Always be cognizant of your surroundings. That would probably be the best advice. You never know who’s in the same room as you. So, just be cognizant of who you are around at all times.

I get a lot of heat for being aggressive, or I was labeled, like, “the bitch.” Everyone that works with me knows how caring I am, but at the end of the day, [if] something needs to be done, it needs to be done, and it needs to be done correctly.
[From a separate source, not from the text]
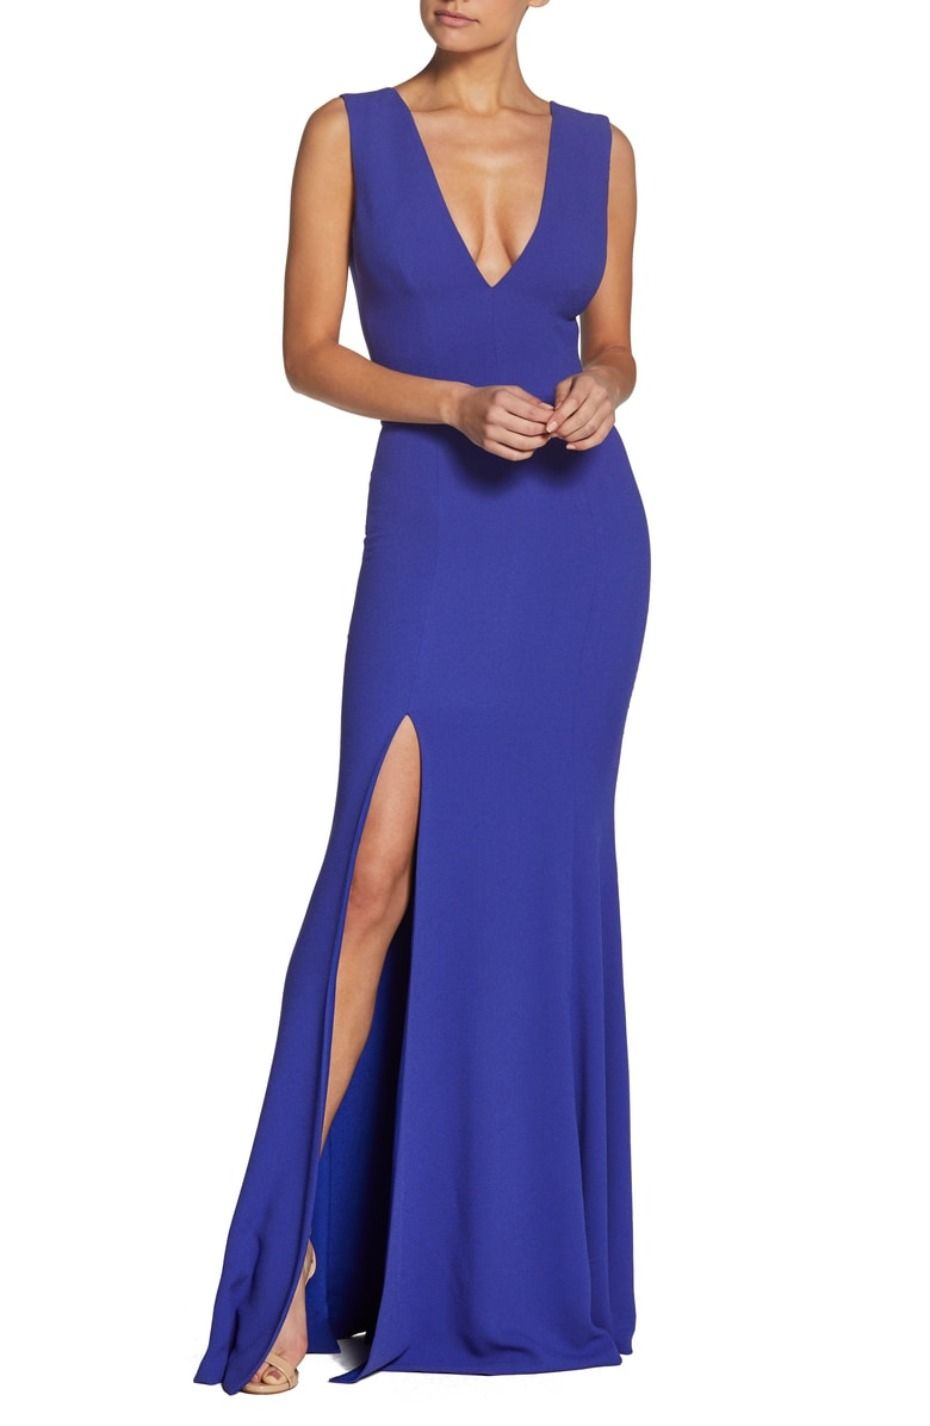 Ririus cobalt blue bridesmaid dress is goals for the girls

So I catch a lot of heat for like, “Oh, you don’t know how to talk to people.”

Don’t ever take anything personally. Keep being a beast, tunnel vision and keep going. Obviously, be nice; make sure people are taken care of and whatnot, but at the end of the day, don’t deter from what your goals are because of other people’s chatter.

Courtesy of Juliana Civitate / @jujufilm_

What can our readers expect from Viola Brands now that Allen Iverson has joined Al Harrington?

So we’re launching in Canada next week. We are ramping up in the state of Oregon. We have a rosin launch coming in Colorado. We just launched Harrington Institute, which is a program through Cleveland University in Ohio. I believe open enrollment is right now, where we teach people the ins and outs of the business, how they can get into it, from cultivation to manufacturing, managing stores, inventory; we go through the whole gamut. We have a couple of other really cool collaborations we’re going to be announcing, too.